**Given information:**
========================================================================
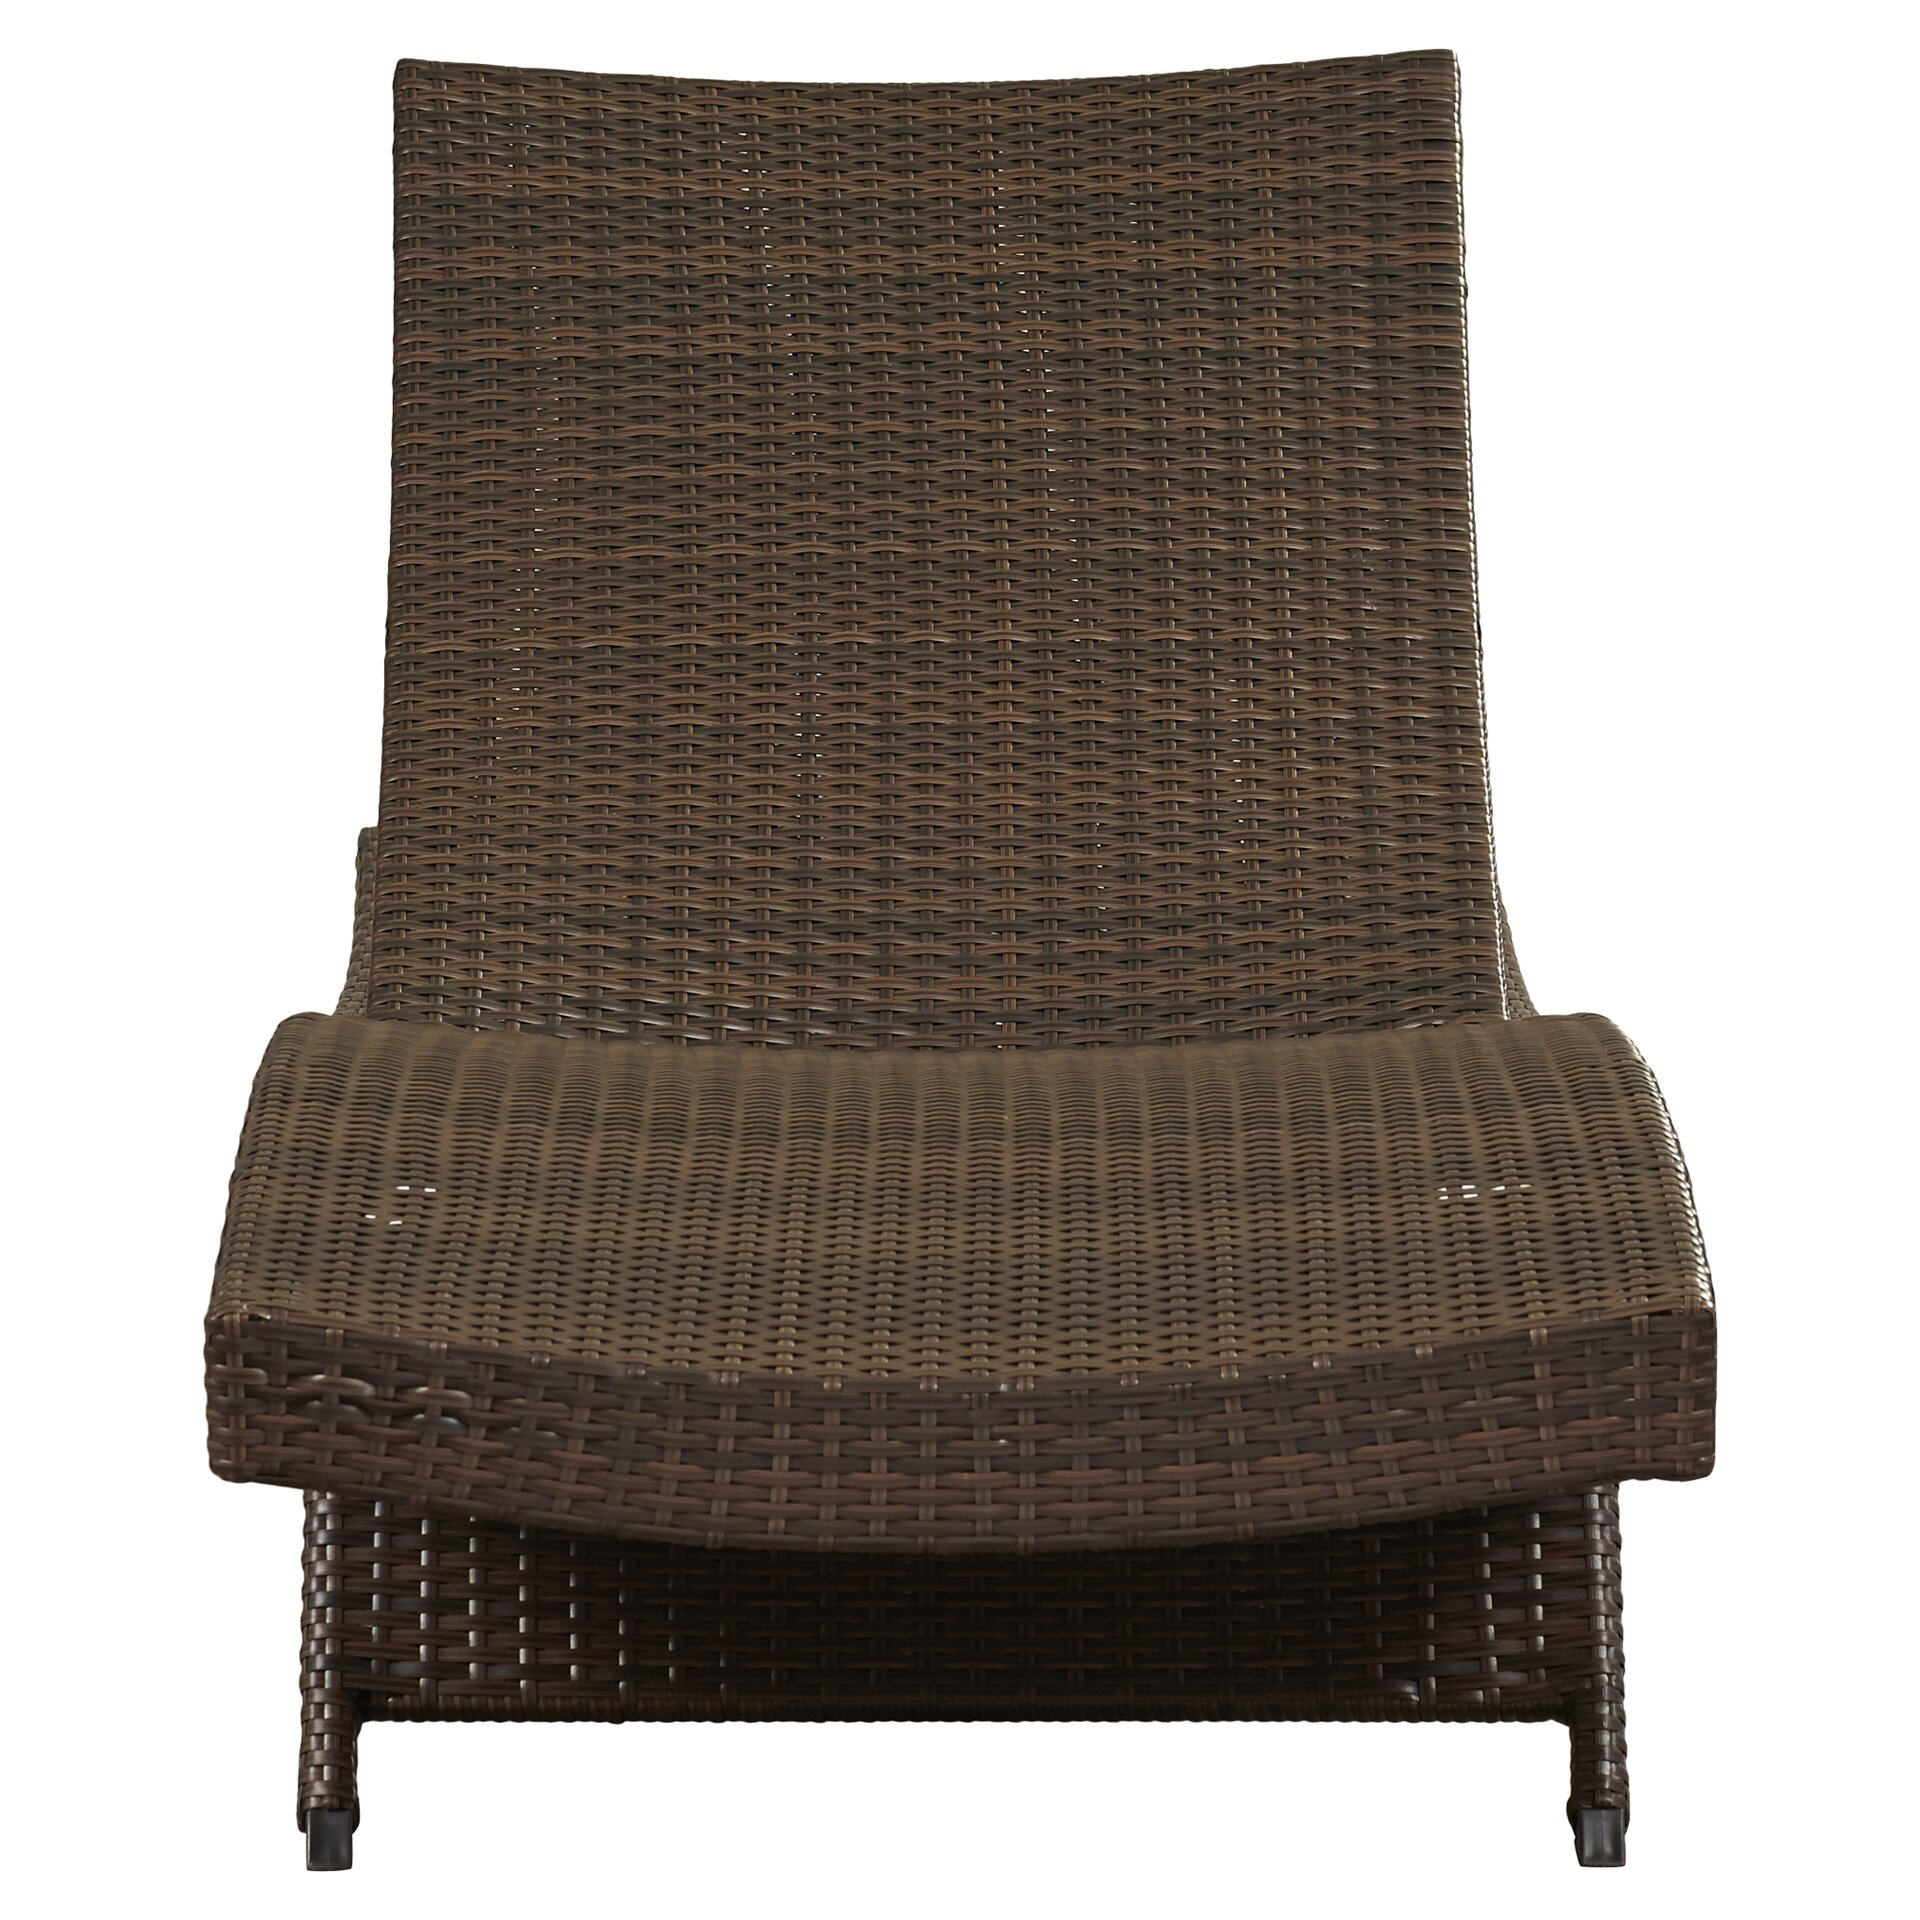 Brayden Studio Mathena Adjustable Chaise Lounge Amp Reviews
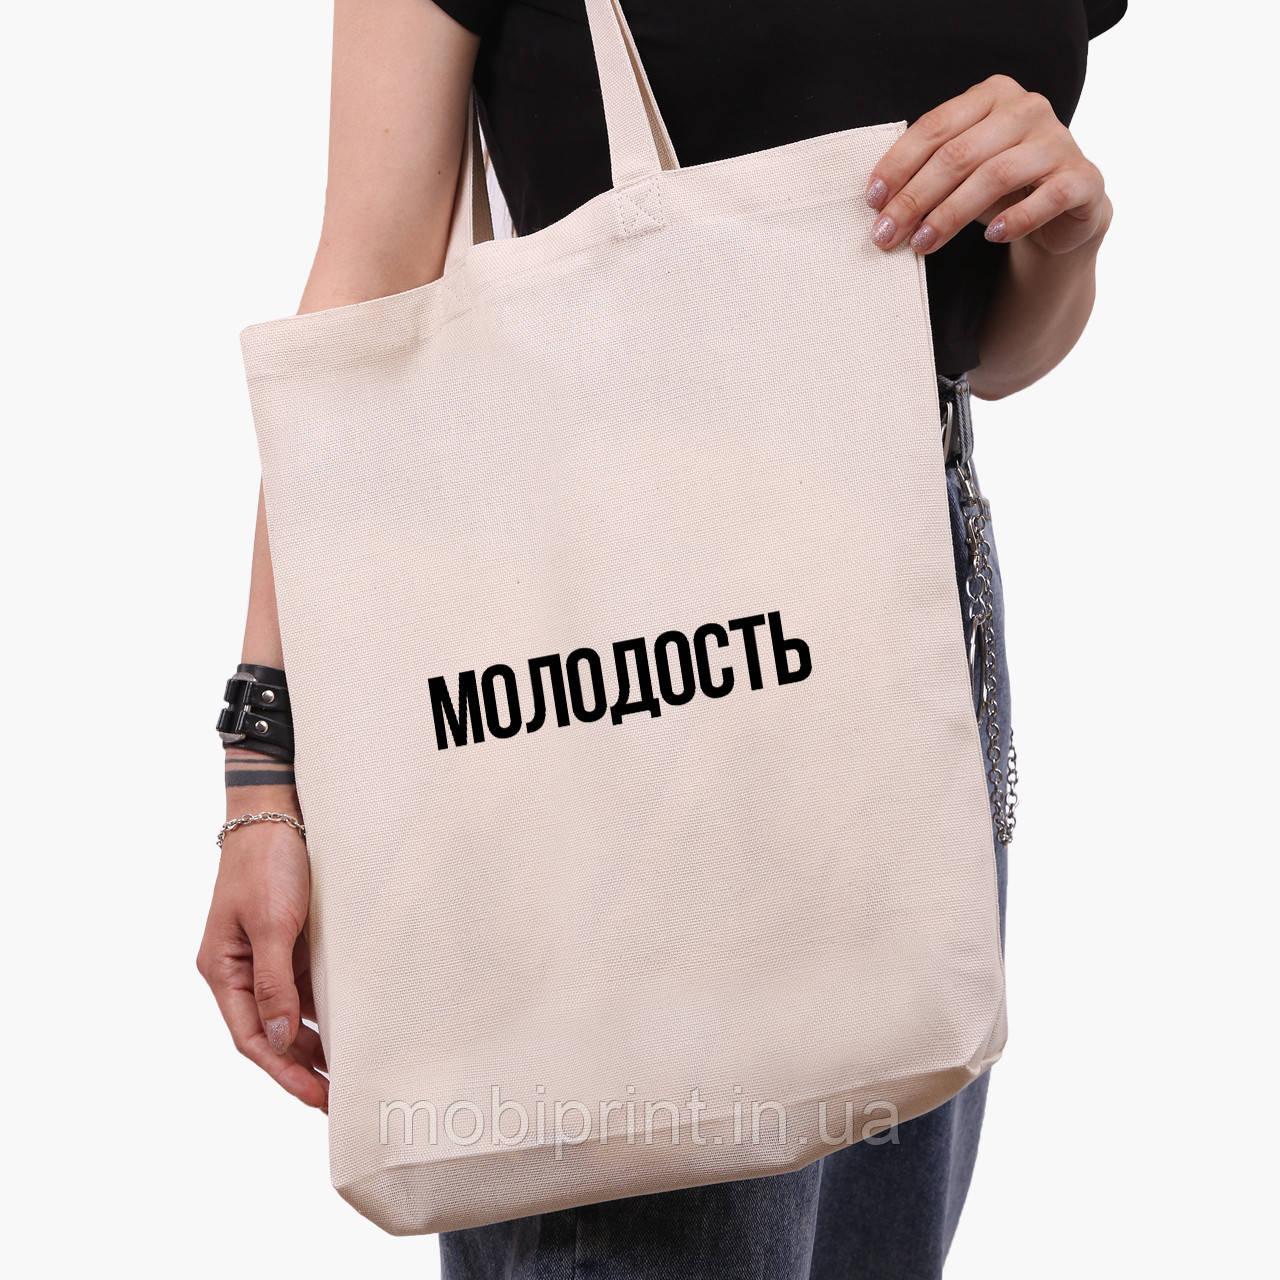 Эко сумка шоппер белая Молодость (Youth) (9227-1281-1)  экосумка шопер 41*39*8 см
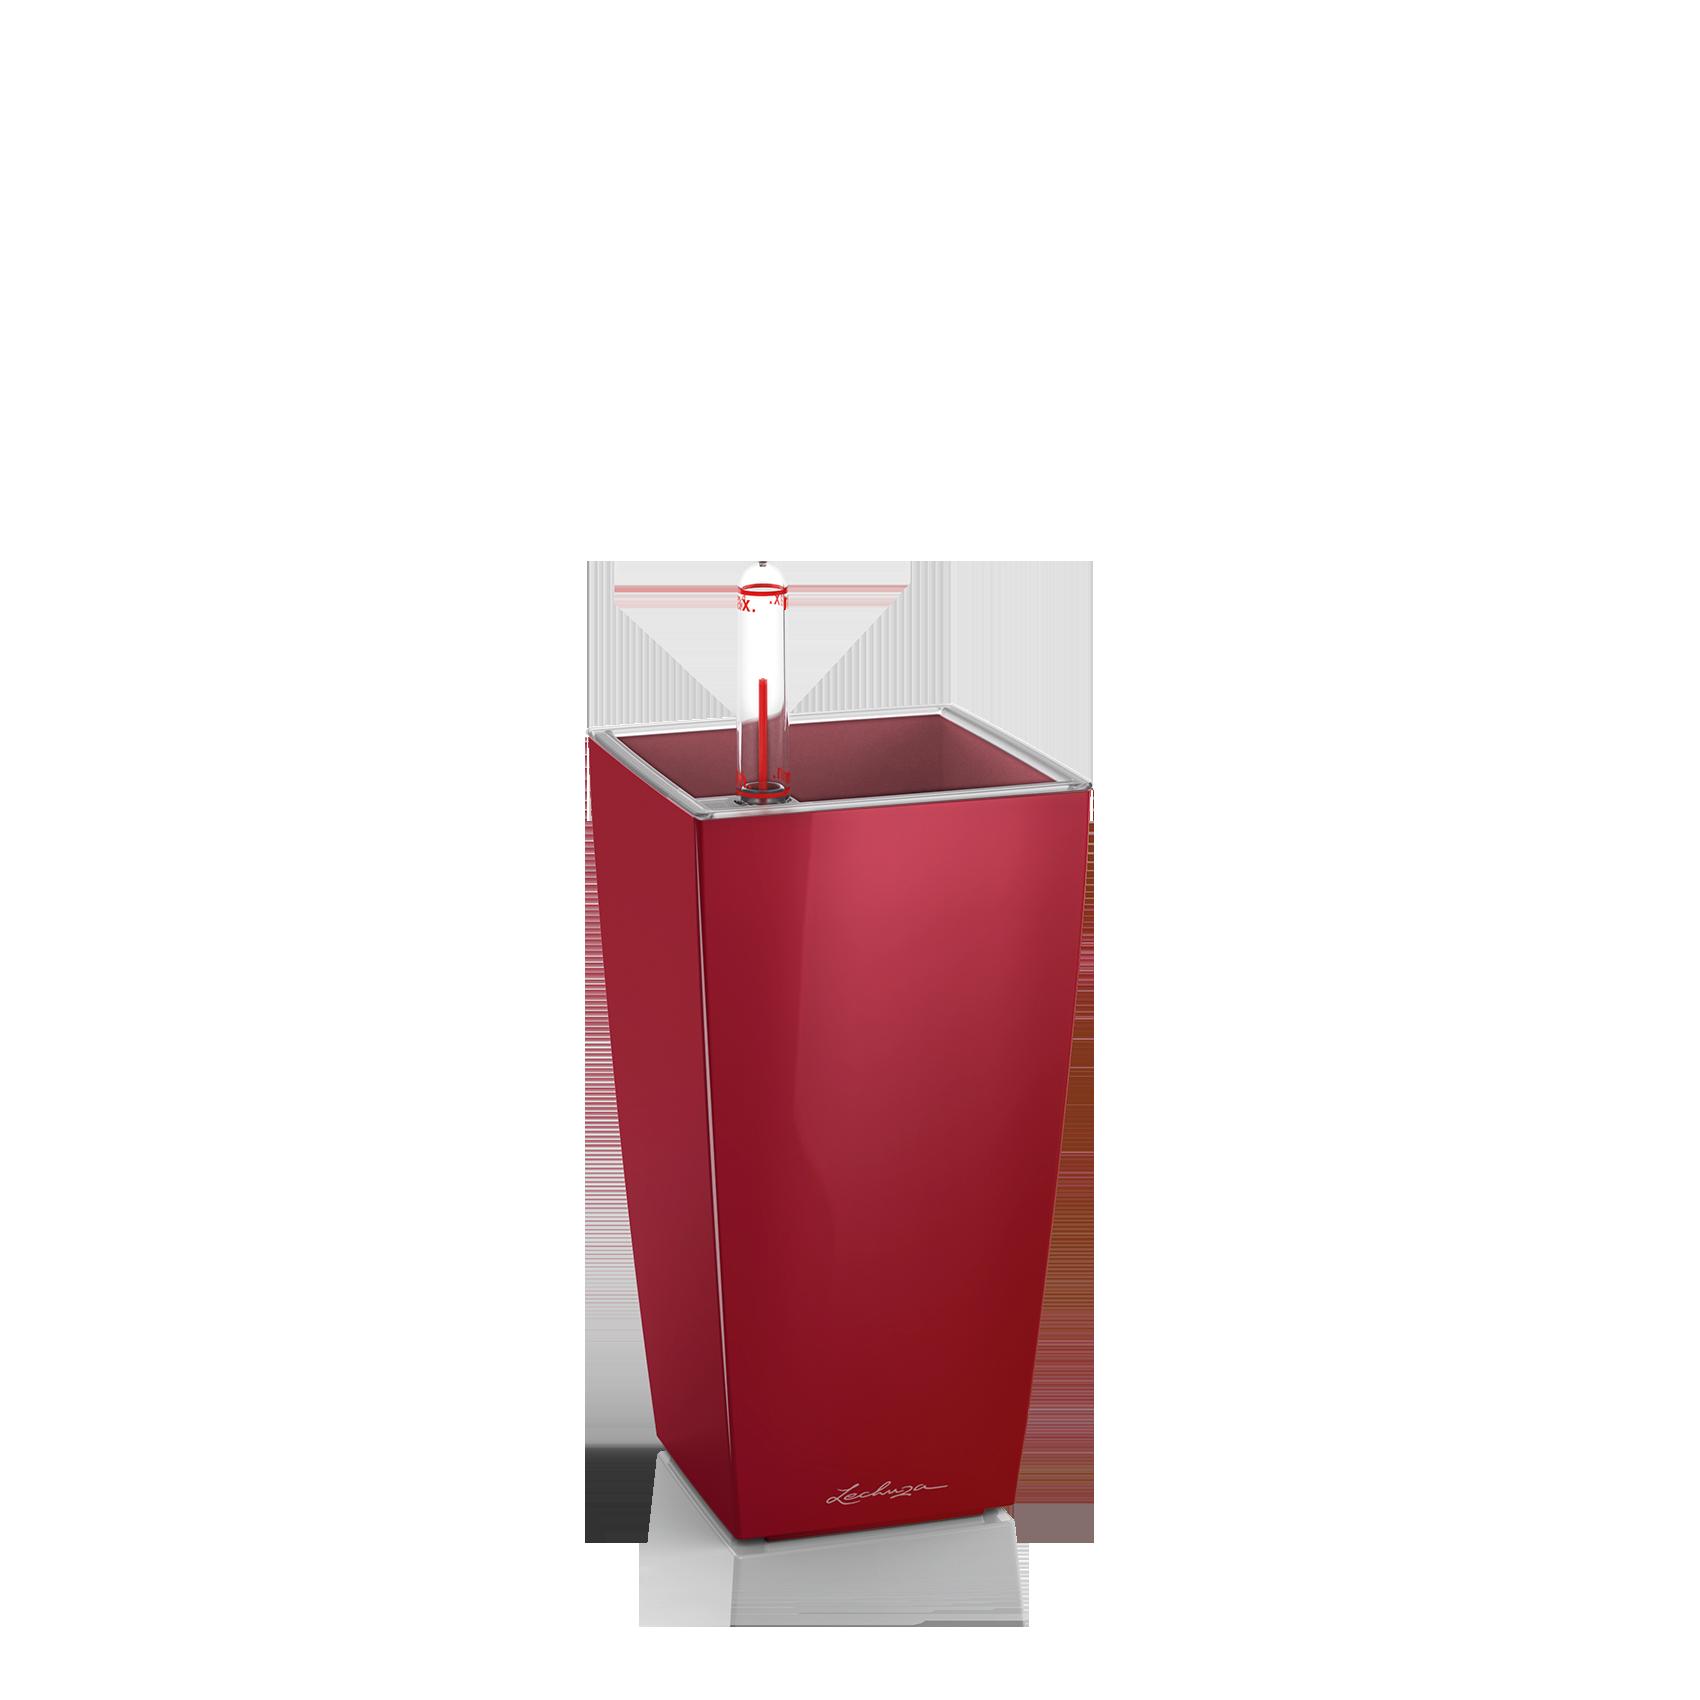 MINI-CUBI scarlet red high-gloss
========================================================================
**What you should do:** Take the line with "Эко сумка шоппер" and each line after it through the end of the material above, and reproduce them exactly, without the pictures.

**Solution for this task:**
 Эко сумка шоппер белая Молодость (Youth) (9227-1281-1)  экосумка шопер 41*39*8 см
 MINI-CUBI scarlet red high-gloss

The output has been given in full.